= Volkensin =

Neurotoxic protein

Volkensin is a eukaryotic ribosome-inactivating protein found in the Adenia volkensii plant. It is a glycoprotein with two subunits A and B. A subunit is linked to B subunit with disulfide bridges and non-covalent bonds. B subunit is responsible for binding to the galactosyl-terminated receptors on the cell membrane that allows the entry the A subunit of the toxin into the cell, which performs the inhibitory function. Volkensin is a galactose specific lectin that can inhibit protein synthesis in whole cells and in cell-free lysates. This protein can be included into the category of risin like toxins and it resembles modeccin, the toxin of Adenia digitata. Although very similar in composition, volkensin contains more cysteine residues and more than twice as much sugar than modeccin, due to high content of galactose and mannose. In addition, volkensin is able to inhibit protein synthesis at concentrations 10 times lower than required for modeccin. From gene sequencing analysis, volkensin was found to be coded by 1569-bp ORF, that is 523 amino acid residues without introns. The internal linker sequence is 45 bp. The active site of the A subunit contains Ser203, a novel residue that is conserved in all ribosome inactivating proteins.

The toxin can be isolated via affinity chromatography, using acid-treated Sepharose 6B.

Volkensin, and toxins alike are studied to understand protein entry into the cell and many have been found to have antitumor applicability. Rats that have been administered a high dose of volkensin died between 7 and 12 hours. For 1–2 hours after poisoning, rats behaved normally and then became sedated until death with short-lasting seizures. Rats that have been administered lower doses died within several days and showed wax-like peritoneal fat, which indicated the formation of a pancreatic lesion.
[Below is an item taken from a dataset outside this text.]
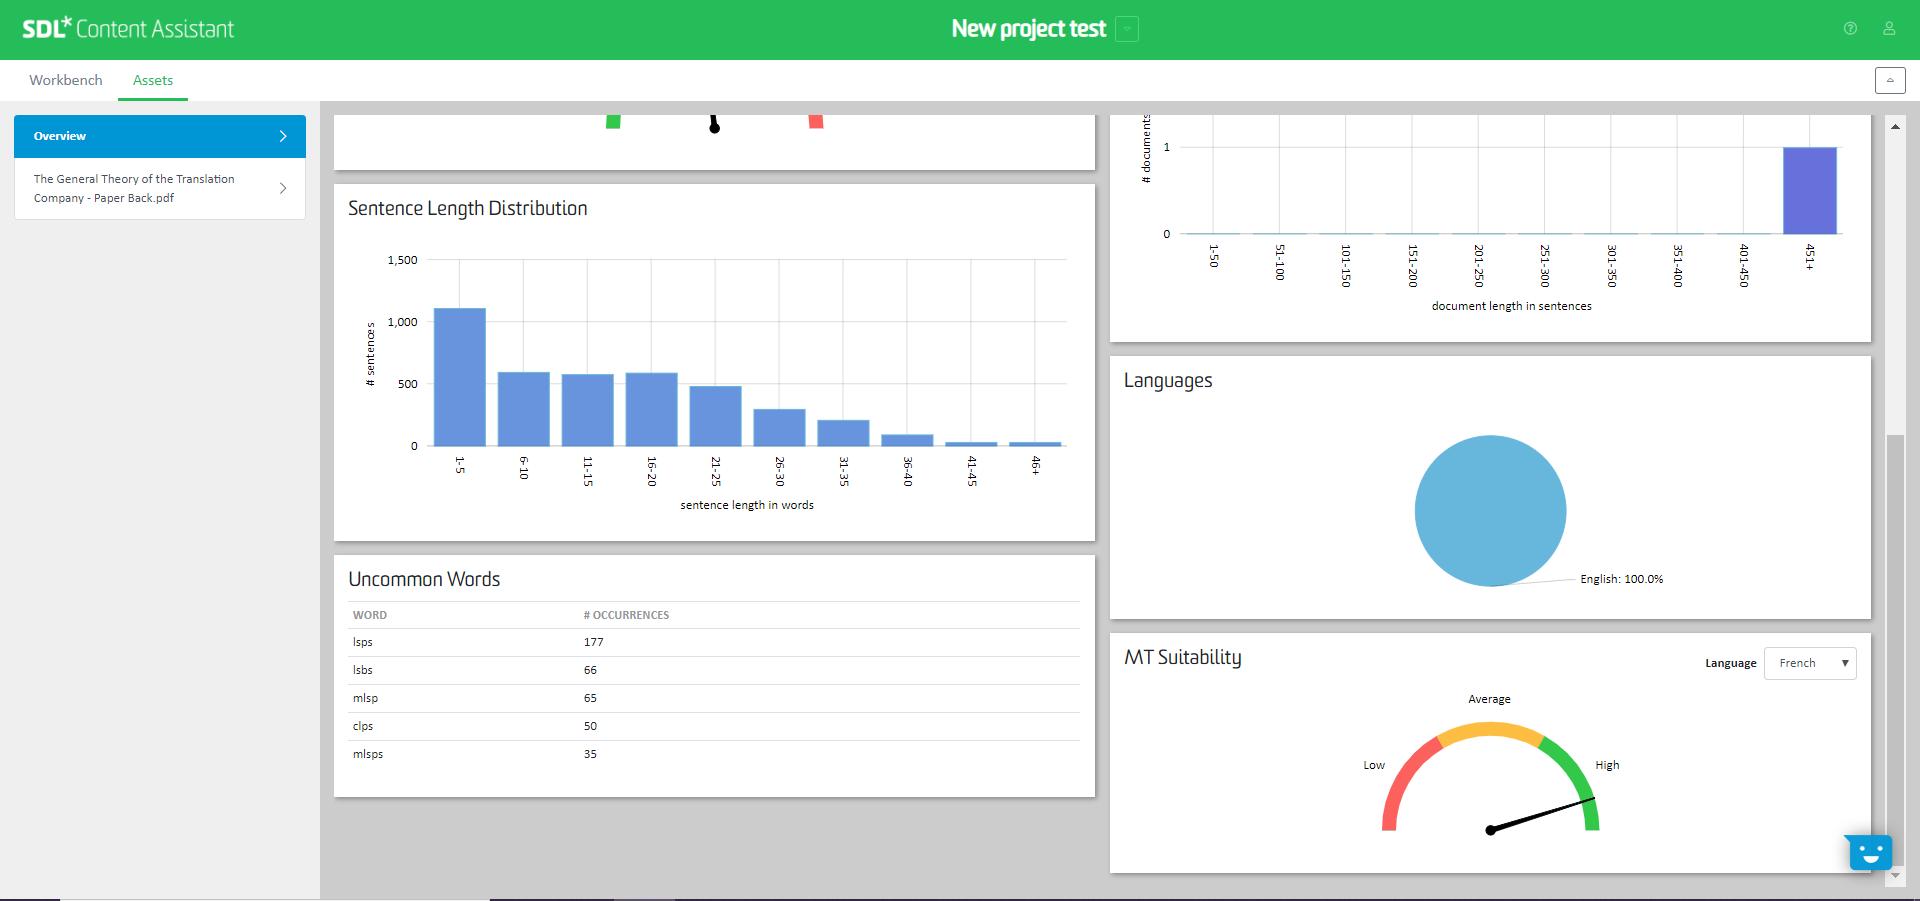 Nimdzi Analyzes the SDL Content Assistant Tool 03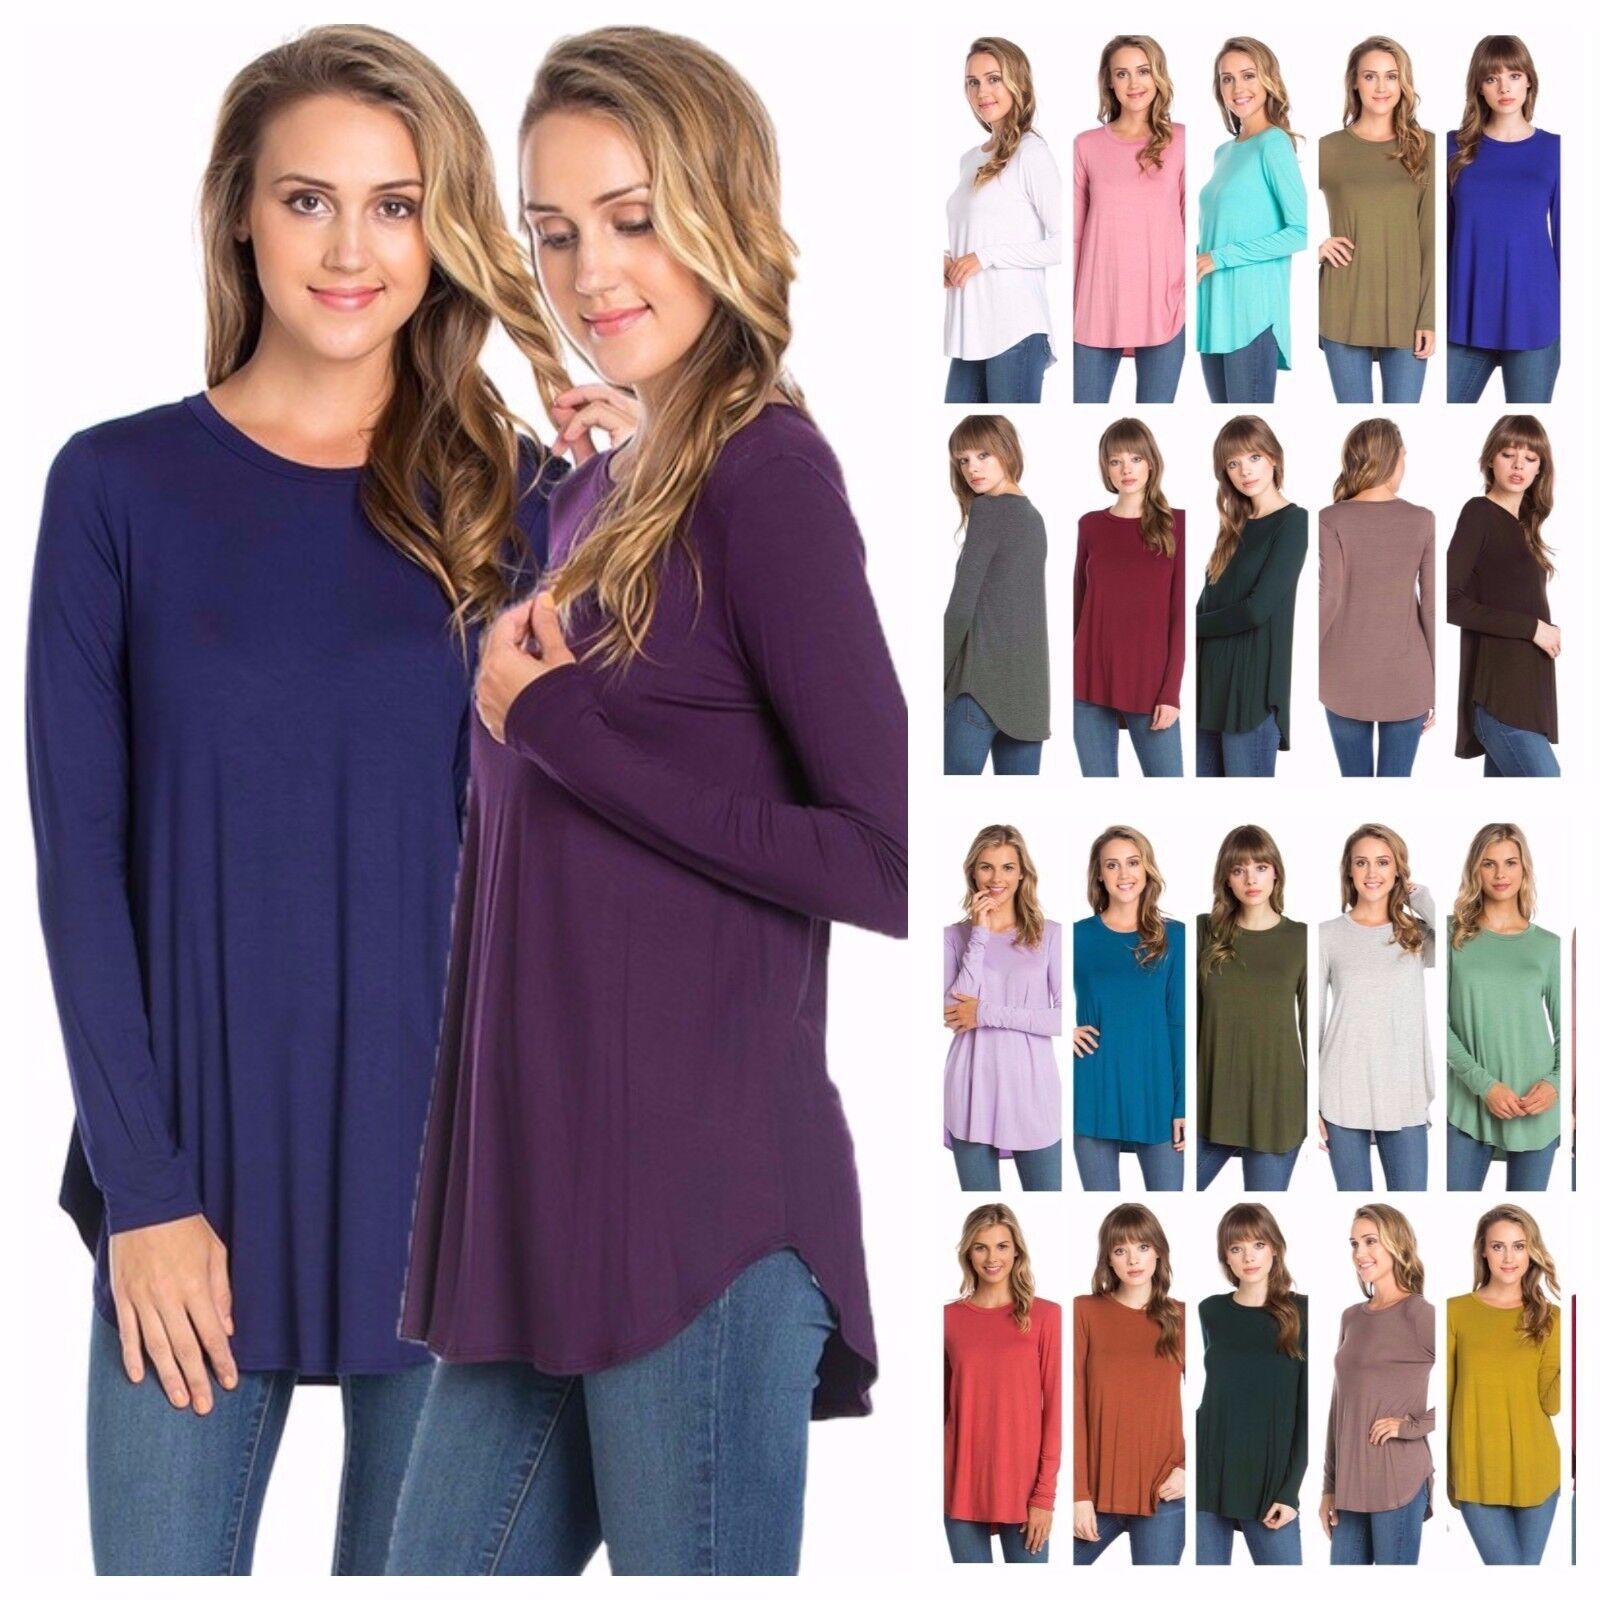 USA Women's Casual Long Sleeve Scallop Hem Tunic Top Dress Scoop Neck T-Shirts

In addition, volkensin has been also found to agglutinate red blood cells without any specificity for a particular blood group. This is likely due to its affinity for galactose residues, which are in common with all three blood groups.

Volkensin is a potent neurotoxin that can kill neurons. It is able to bind to the axon terminal of neurons, where it is internalized and transported to the cell body and inactivates ribosomes, thereby killing the neuron. Experiments performed in vitro showed increased toxicity of volkensin to microglia and astrocytes.